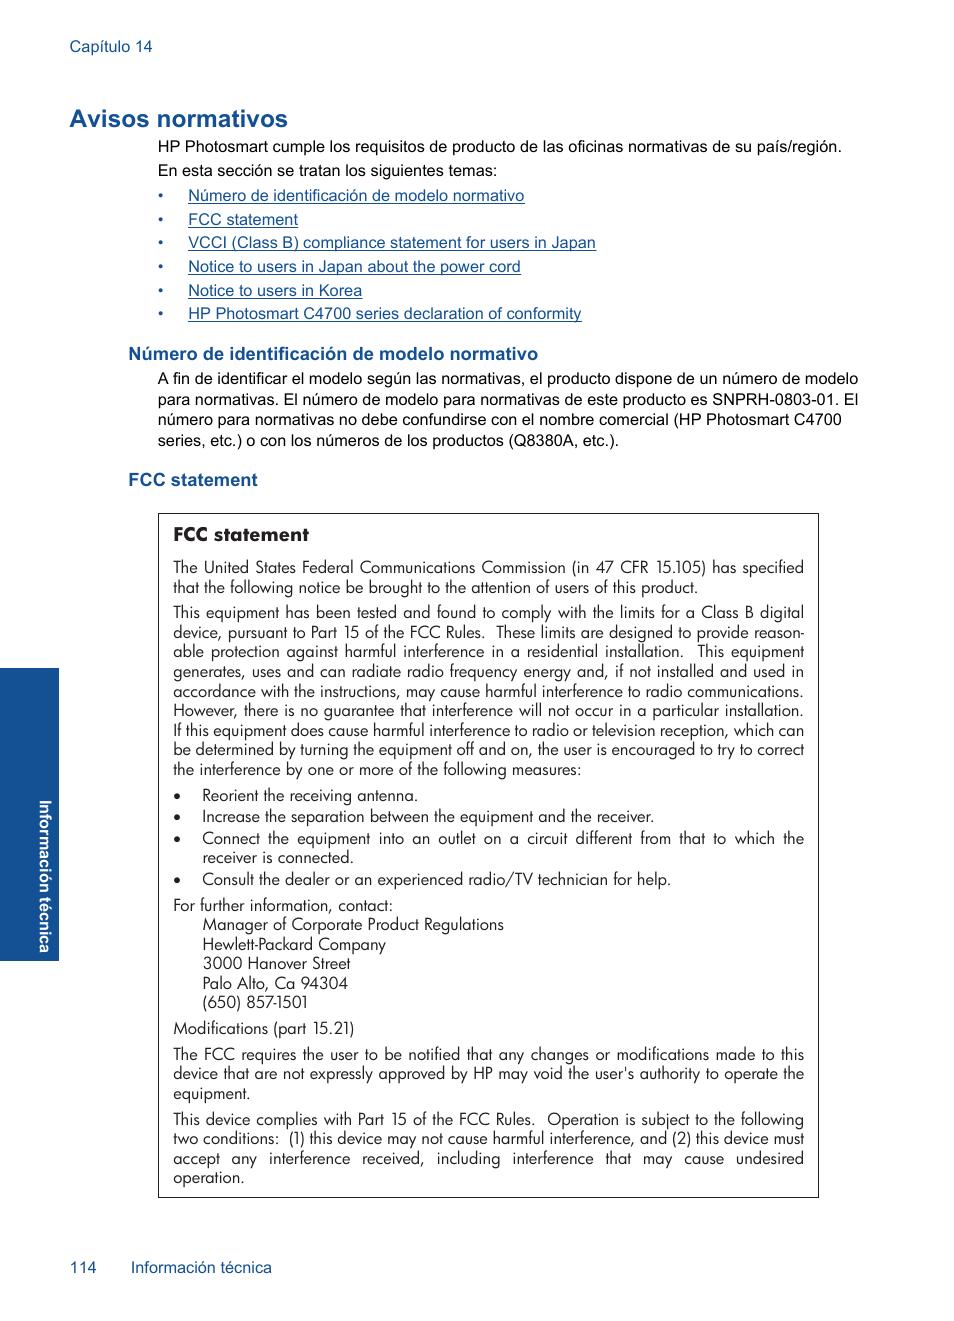 Avisos normativos, Número de identificación de modelo
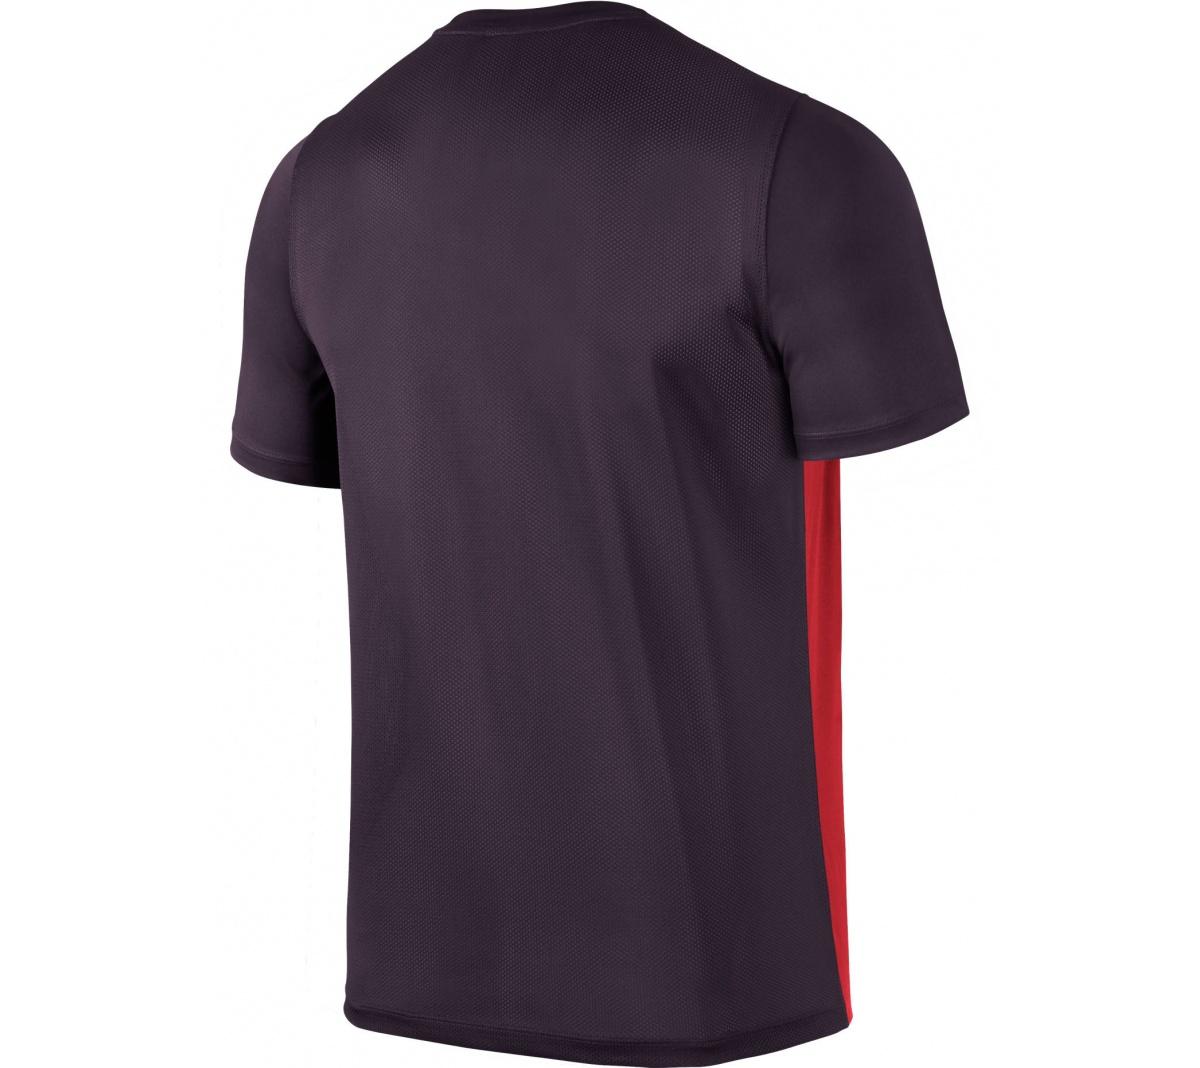 Camisa Nike Academy SS Training Vm - Mundo do Futebol 08bb60f3ea218
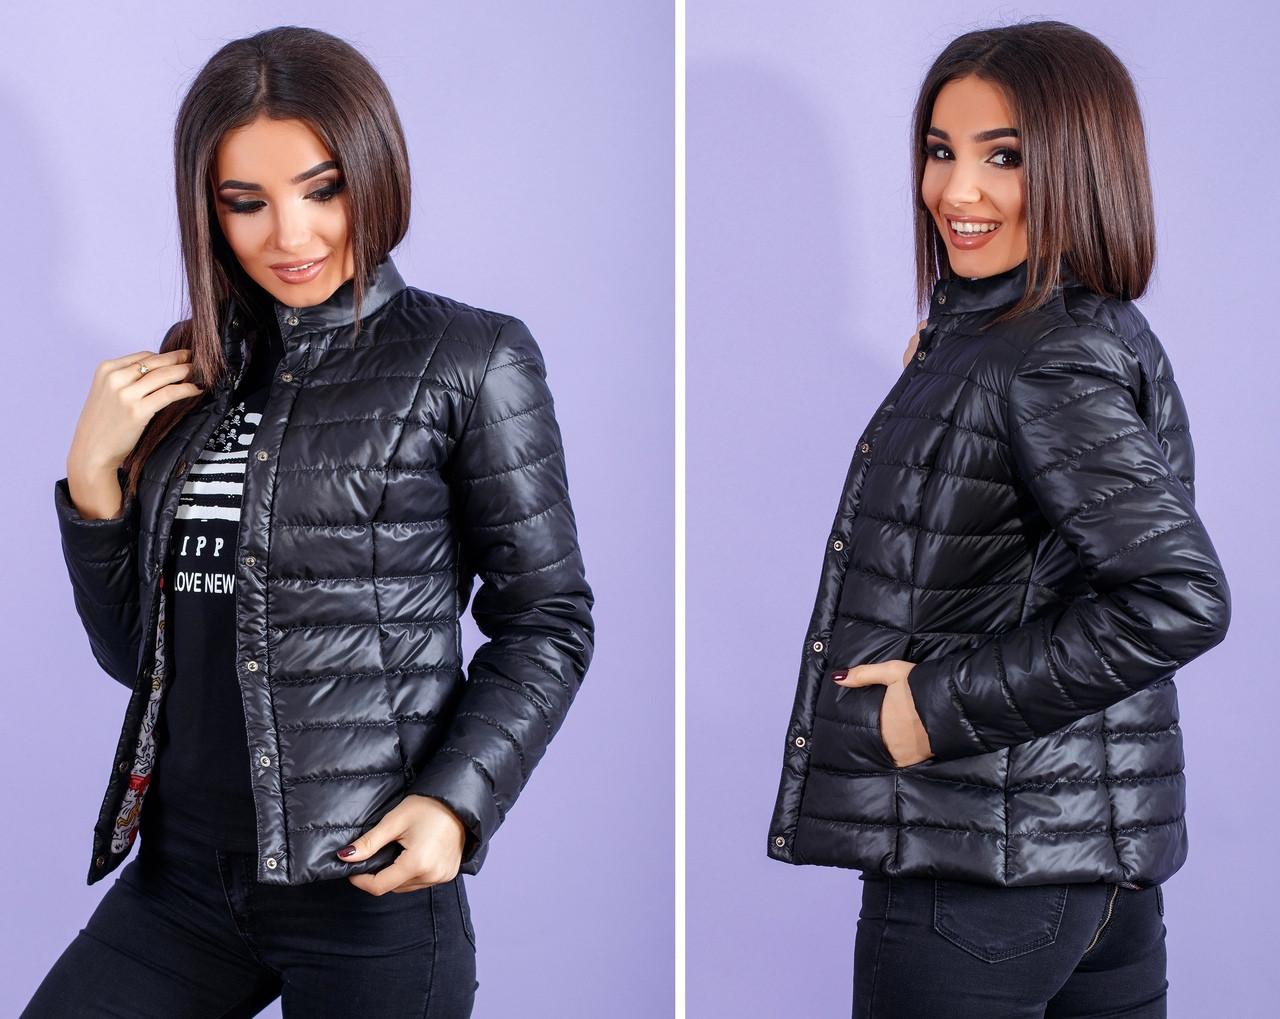 Женская куртка на синтепоне (норма и полубатал)
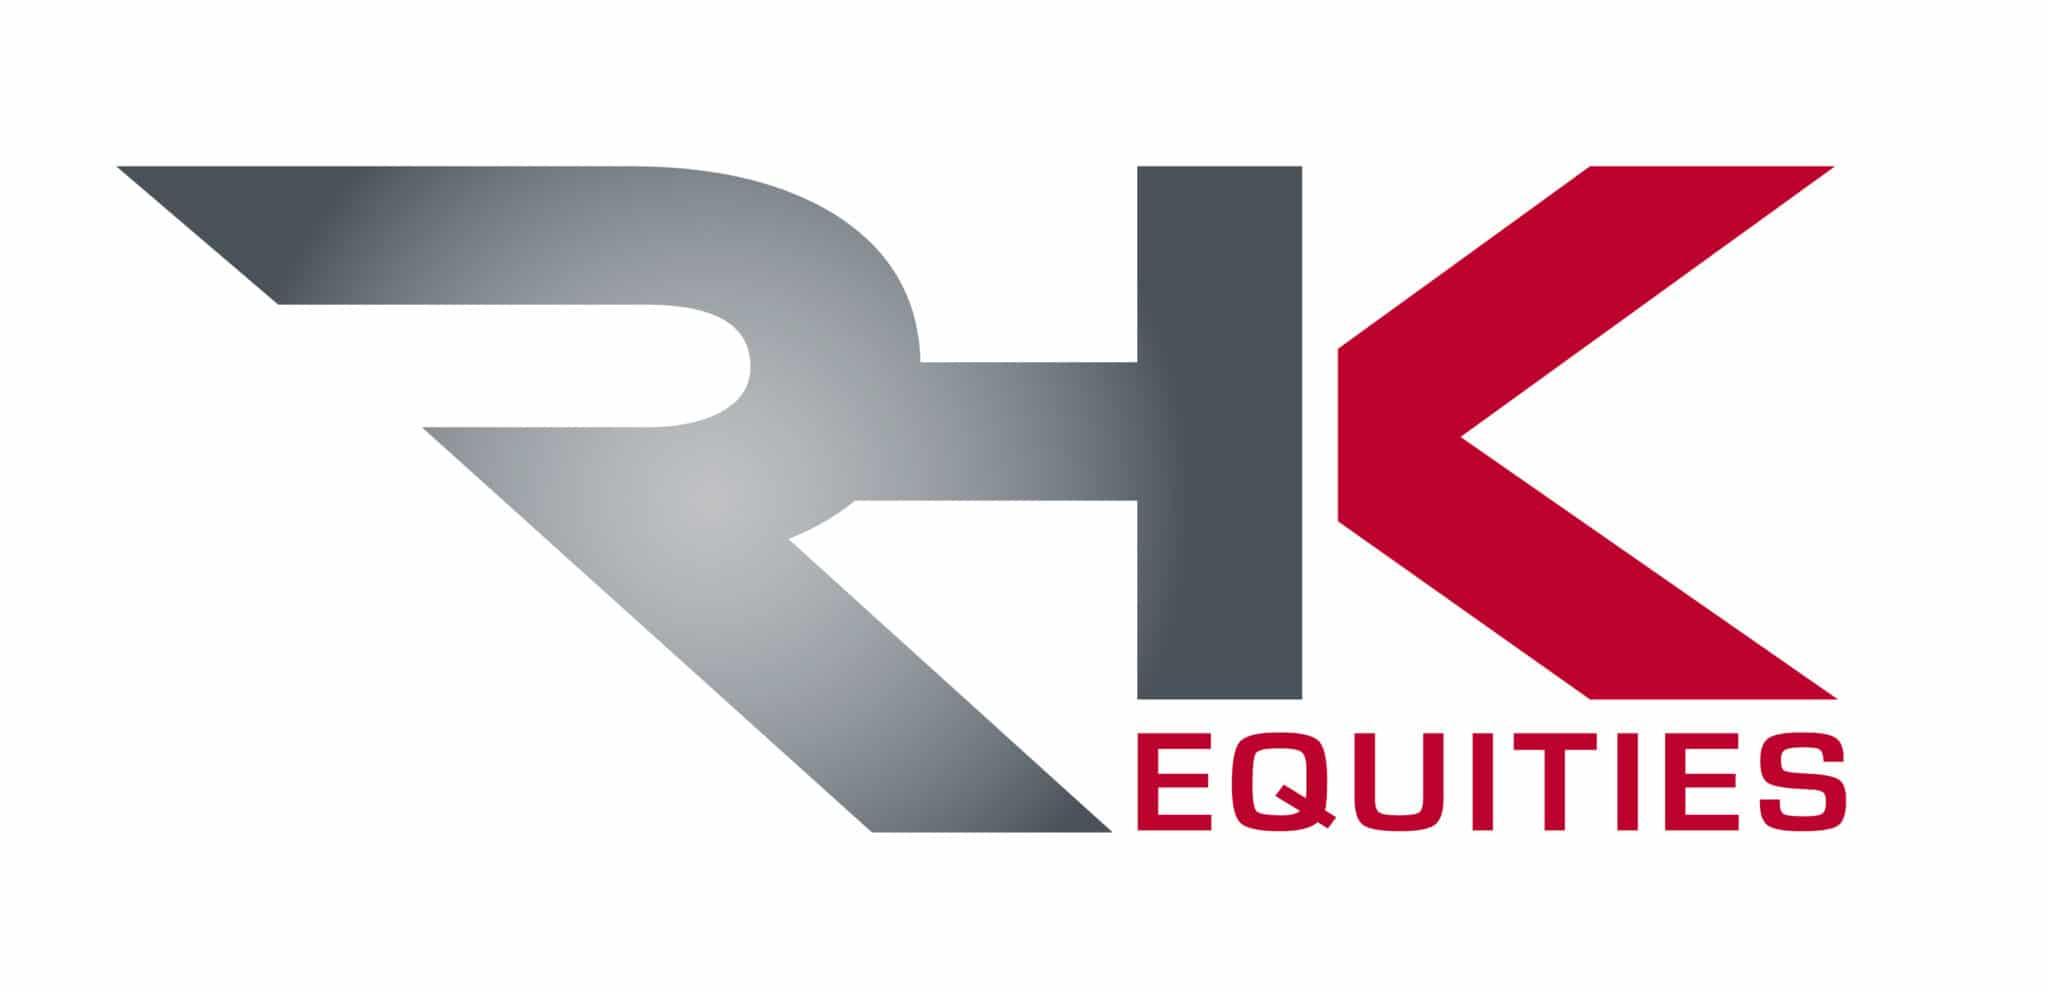 RHK Equities
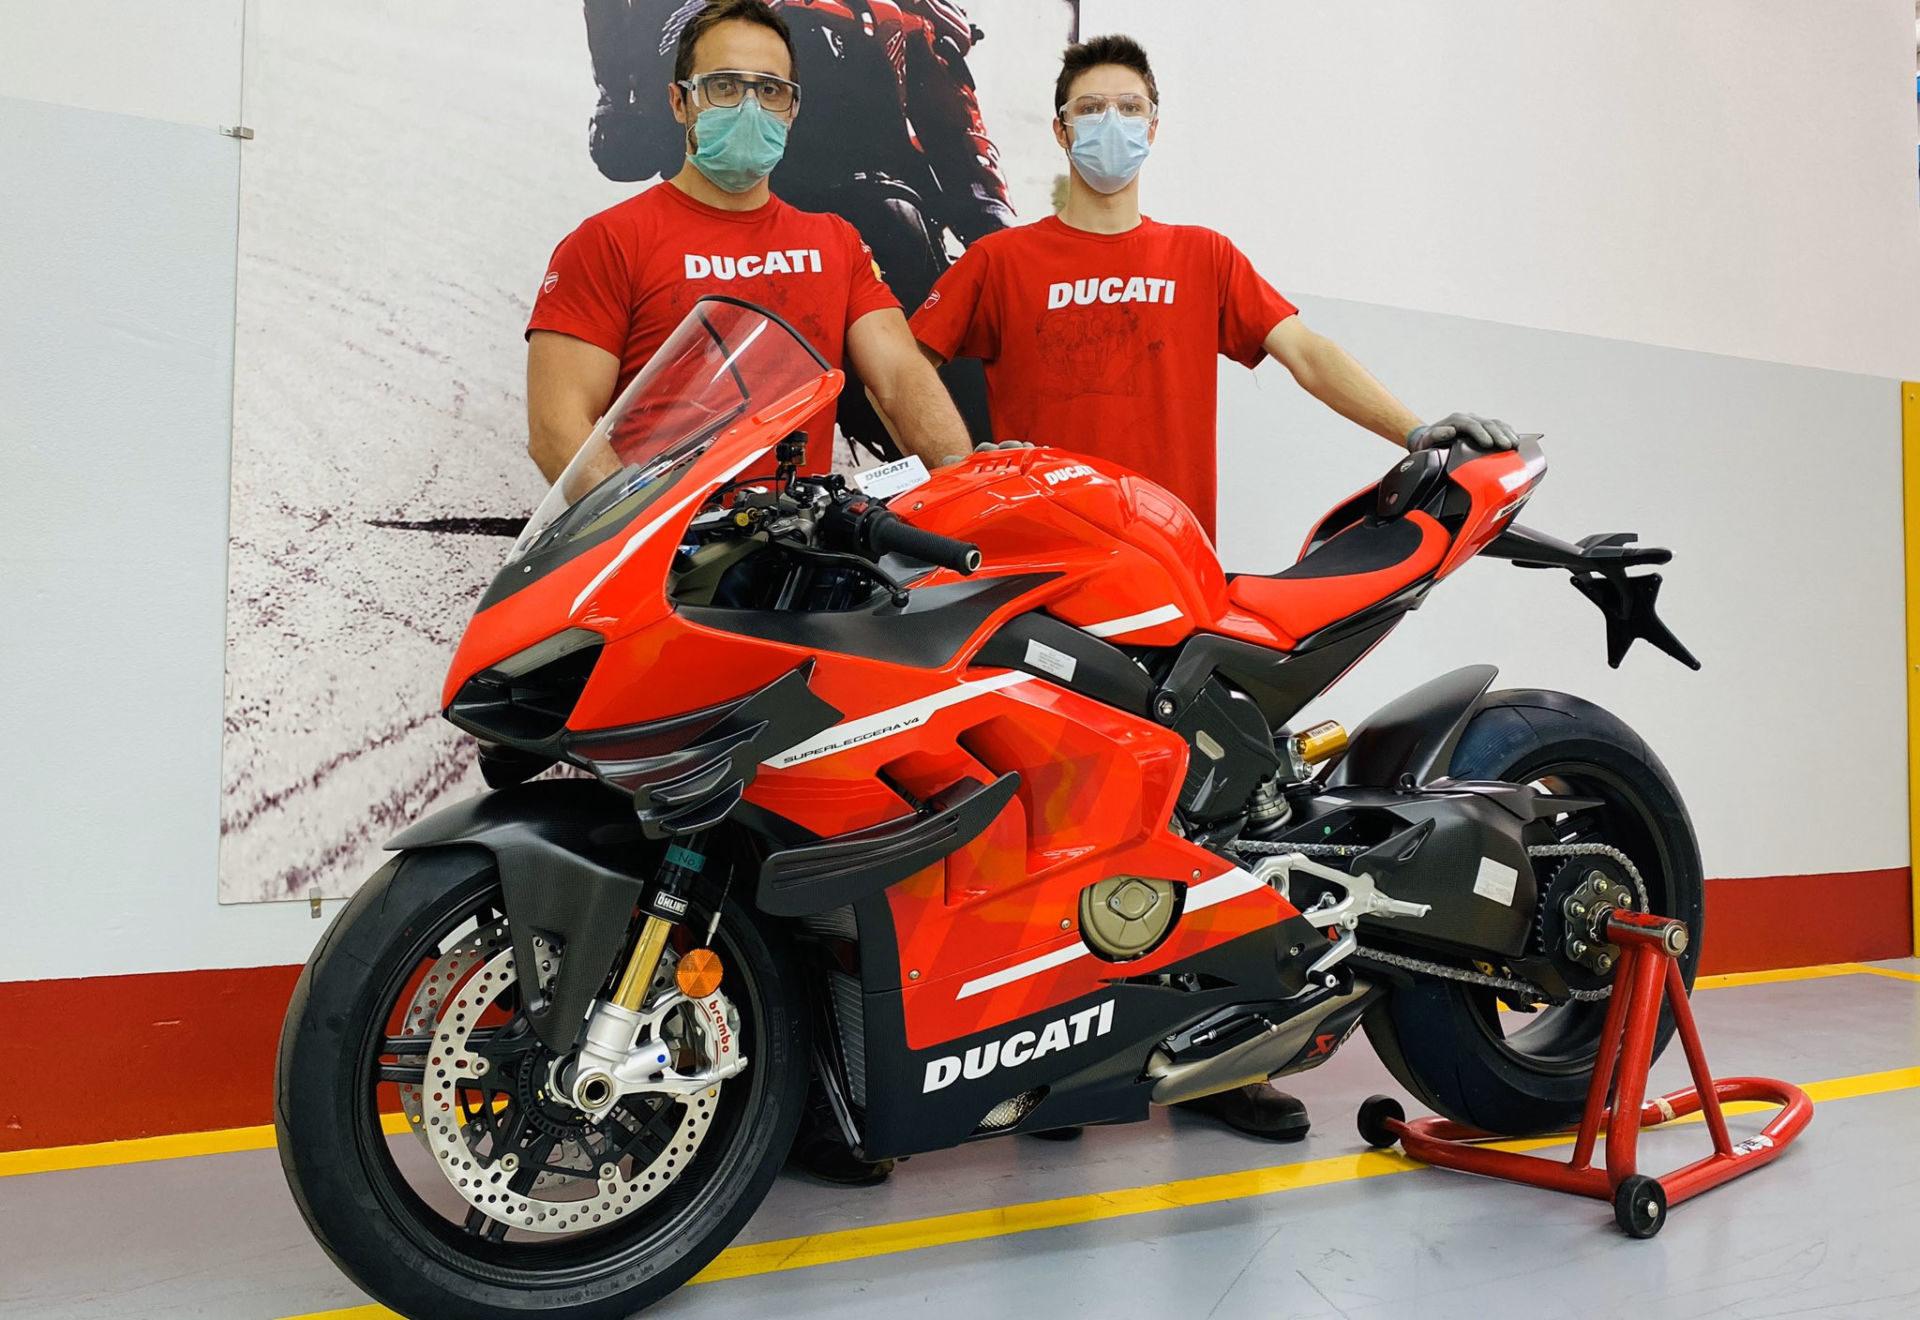 Ducati Superleggera V4 Nearing Production Roadracing World Magazine Motorcycle Riding Racing Tech News

========================================

WORK REQUEST: Please copy exactly the lines from the one containing "RHK Equities" through the last line of the records above, both included, and leave out any pictures.

PROBLEM SOLUTION:
 RHK Equities
 Ducati Superleggera V4 Nearing Production Roadracing World Magazine Motorcycle Riding Racing Tech News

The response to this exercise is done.